И он боязливо покосился на собственный портфель.
— Это вы со своими рукописями бродите по пивным, Валя, — укоризненно проговорила Алла Николаевна.
— С рукописями-то и слаще туда шастать, — оживился Муромцев. — Выпьешь себе культурно так кружечки две-три, и портфель погладишь: там ведь лежит не что-нибудь, а собственное бессмертие. Прямо рядом, у ног. И никакой алхимии. Хорошо, хоть и страшно: а вдруг потеряешь?
И он неопределенно подмигнул. Только появление перед ним Светланы Волгиной сразу сняло его игривое настроение.
— Здравствуй, Валечка, — робко сказала она.
— Здравствуй, Светлана, — смиренно ответил он.
И раздался последний звонок в дверь квартиры Омаровых.
— Наверное, Олег! — тревожно-радостно воскликнула Алла Николаевна и пошла открывать.
То был Олег, и, как всегда, не один: впереди выступала Тоня Ларионова, а за Олегом: Саша Трепетов и чуть смущенный Леха Закаулов.
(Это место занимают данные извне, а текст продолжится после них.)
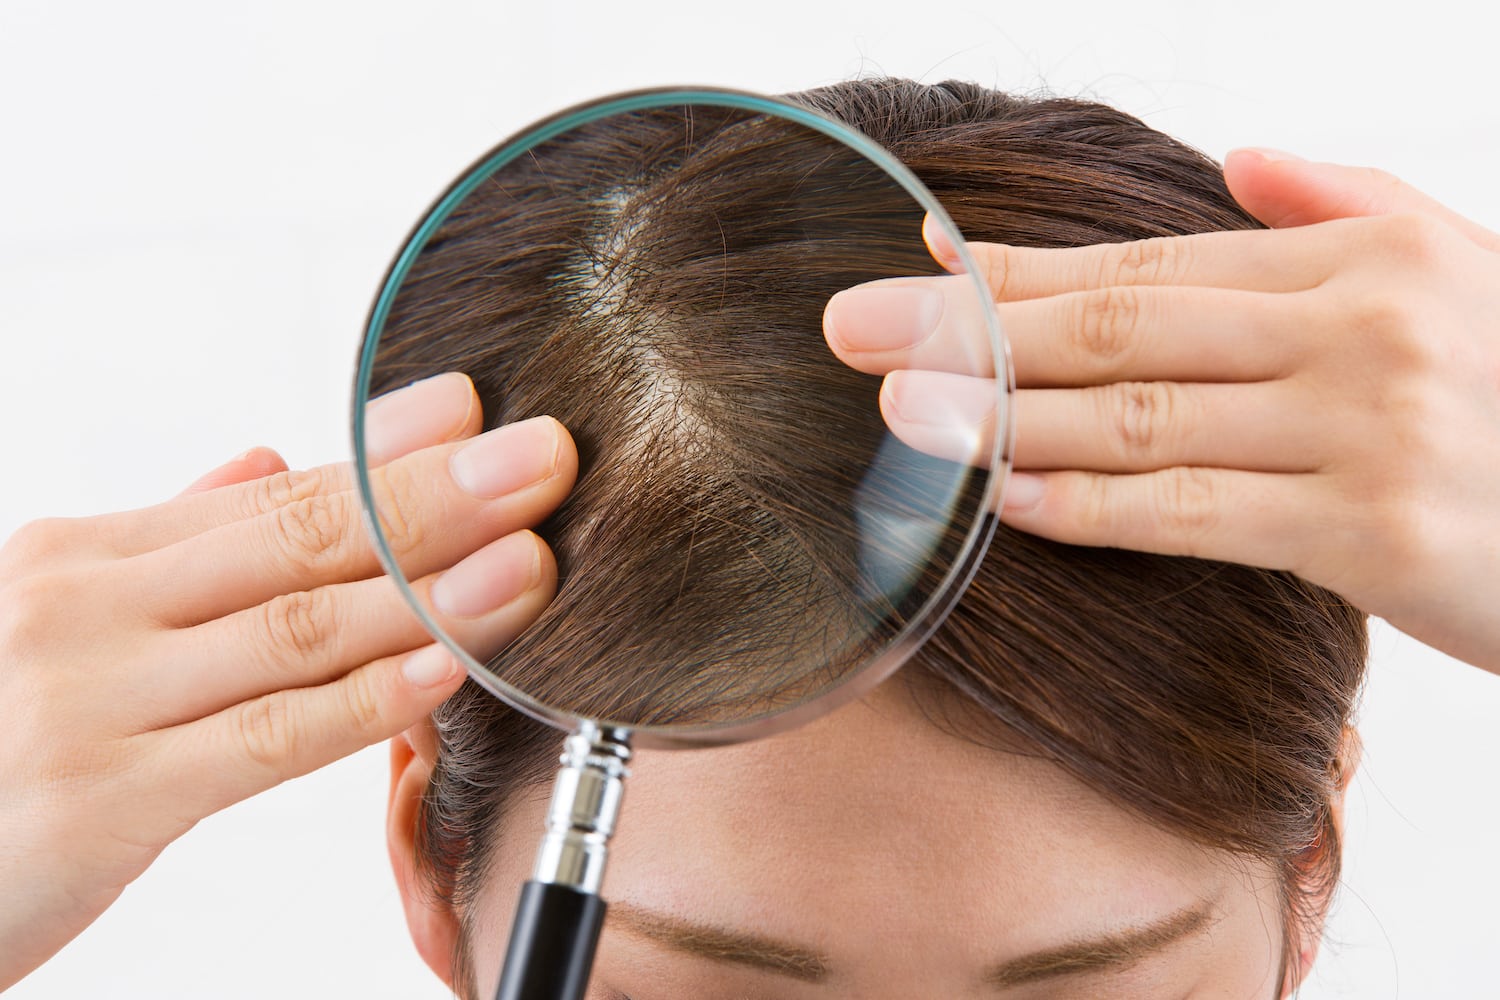 Blood circulation in scalp image

Леха был на этот раз вполне трезв и приличен: он принял всего полстакана водки, для души, а такая доза никем не считалась серьезной, даже Аллой Николаевной.
Гостеприимным жестом она пригласила всех внутрь, бросив однако добродушно-любознательный взгляд на Сашу. «Какой-то вроде обычный», — подумала она.
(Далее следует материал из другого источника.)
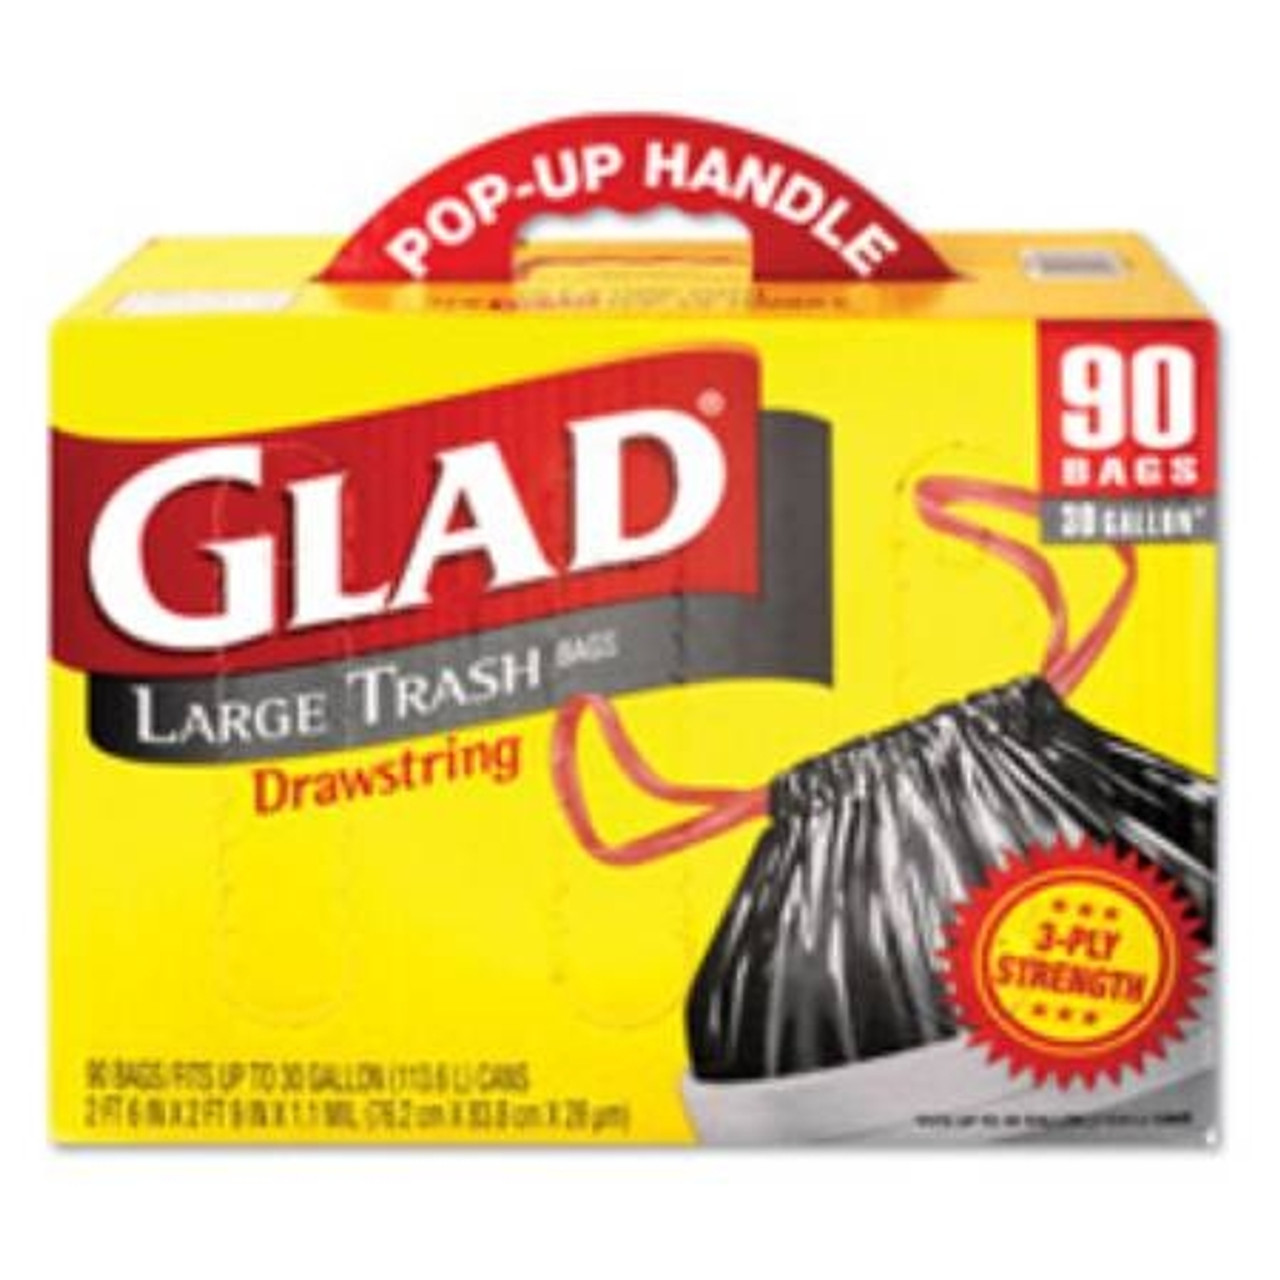 GLAD ForceFlex Large Drawstring Trash Bags, 30 Gallon Black Trash

Стол был уже накрыт и буквально ломился от еды — чего тут только не было: и редкая холодная рыба, и салаты, и бесчисленные закуски, консервы, колбасы, сыры, и над всем этим царила икра: красная, горящая, как кровь, она была разбросана в судках по всему столу. И рядом с нею стояли бутылки возбуждающих напитков.
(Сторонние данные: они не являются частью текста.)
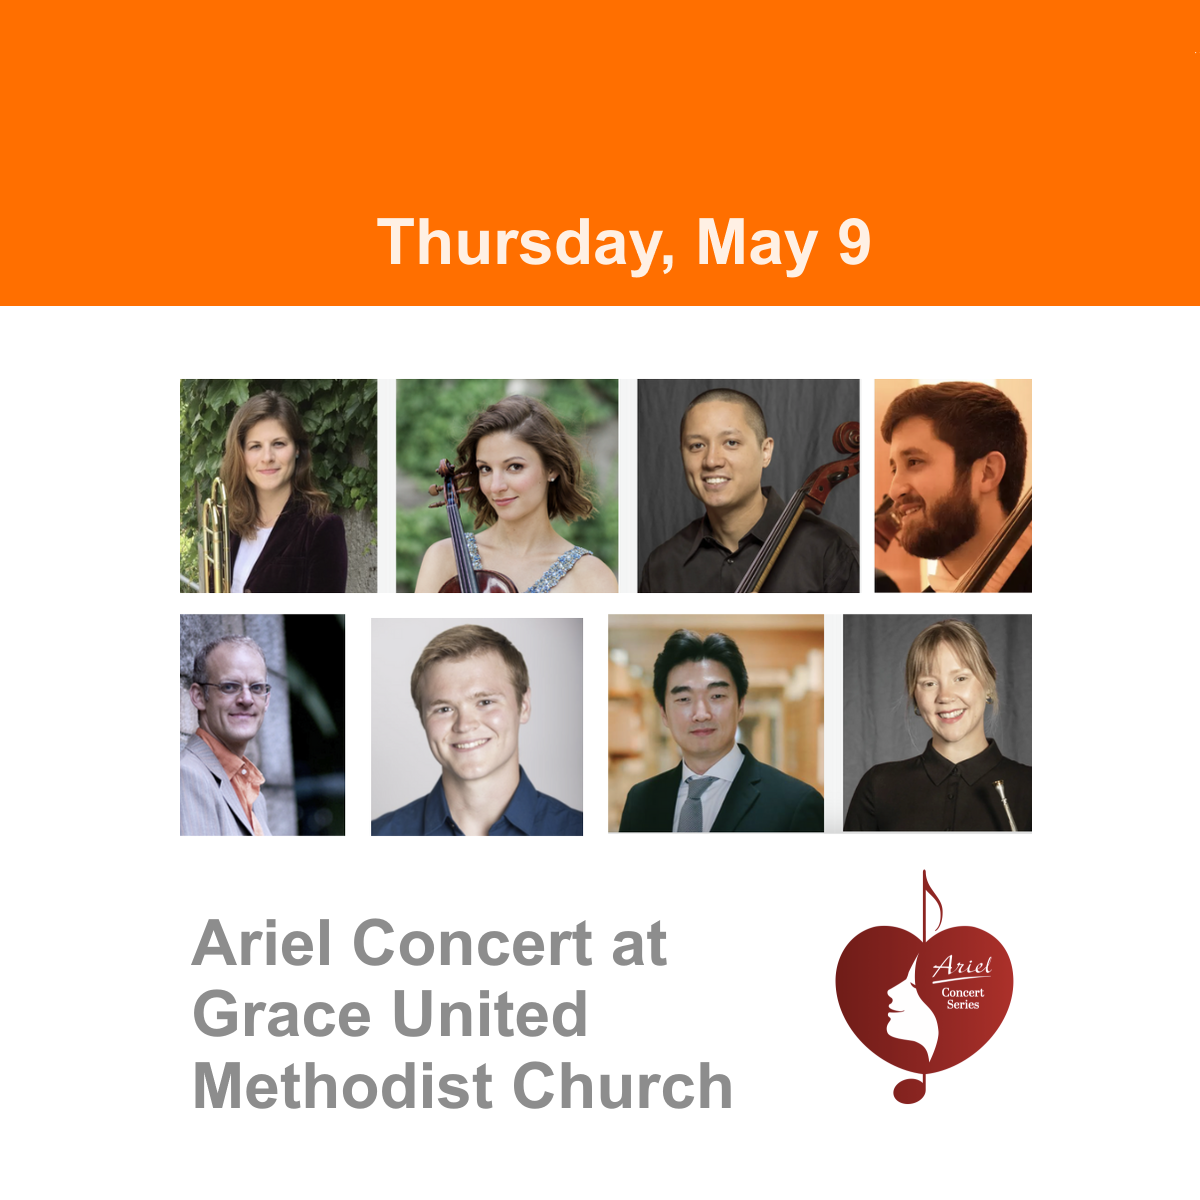 Ariel Concert Series: Ariel Concert at Grace United Methodist Church

— Богато живете, — удивился Саша.
Омаров пригласил Катю первую к столу, и за ней, как за нежданной царицей, потянулись остальные.
Скоро стало полегче и повеселей; истерический разговор о Лукерье забыли, и все почему-то льнули друг к другу и слегка опьянели: от вина, от общения, от предчувствия…
Из-за обилия гостей за столом общему разговору трудно было состояться, но его струйки, журчащие по всем углам и сторонам, иногда соединялись в единый и восторженный угол. Это был поток всего что угодно: веселья, грусти, нежности, смеха, иронии и даже бредового сарказма. Но и «сарказм» выражался таким образом, что становилось страшновато не от «сарказма», а от обнаженности и искренности.
— С тобой хоть на казнь, Катька, — улыбалась Корниловой Вика Семенова, — эх… и смерть будет слаще вместе и не страшней… Голубушка!
Но в то же время разговор принимал нередко и полусветский оборот, не все здесь было до такой степени выворочено наизнанку и раскалено, как на вечерах у Олега или у Вали Муромцева.
Известный художник-примитивист, поэт, державший салон у себя в Мытищах, но другого характера, чем омаровский, сидел вместе со своей женой Галей недалеко от хозяина дома и рассказывал ему о сибирских шаманах и мамонтах, в свете своего личного опыта. Был он художник неизмеримо талантливей Омарова и просидел при Сталине несколько лет за свое искусство.
Но Алла Николаевна любила иногда перевести разговор на житейские темы и, вмешавшись, заметила, что недавно видели Глеба Луканова — опять пьяненького и побирающегося по арбатским магазинам.
— Какой позор! — вскричала она. — Это ведь один из лучших русских художников!
— Глеб давно мог бы стать богатым человеком, — улыбнулся примитивист. — Если б не пил так!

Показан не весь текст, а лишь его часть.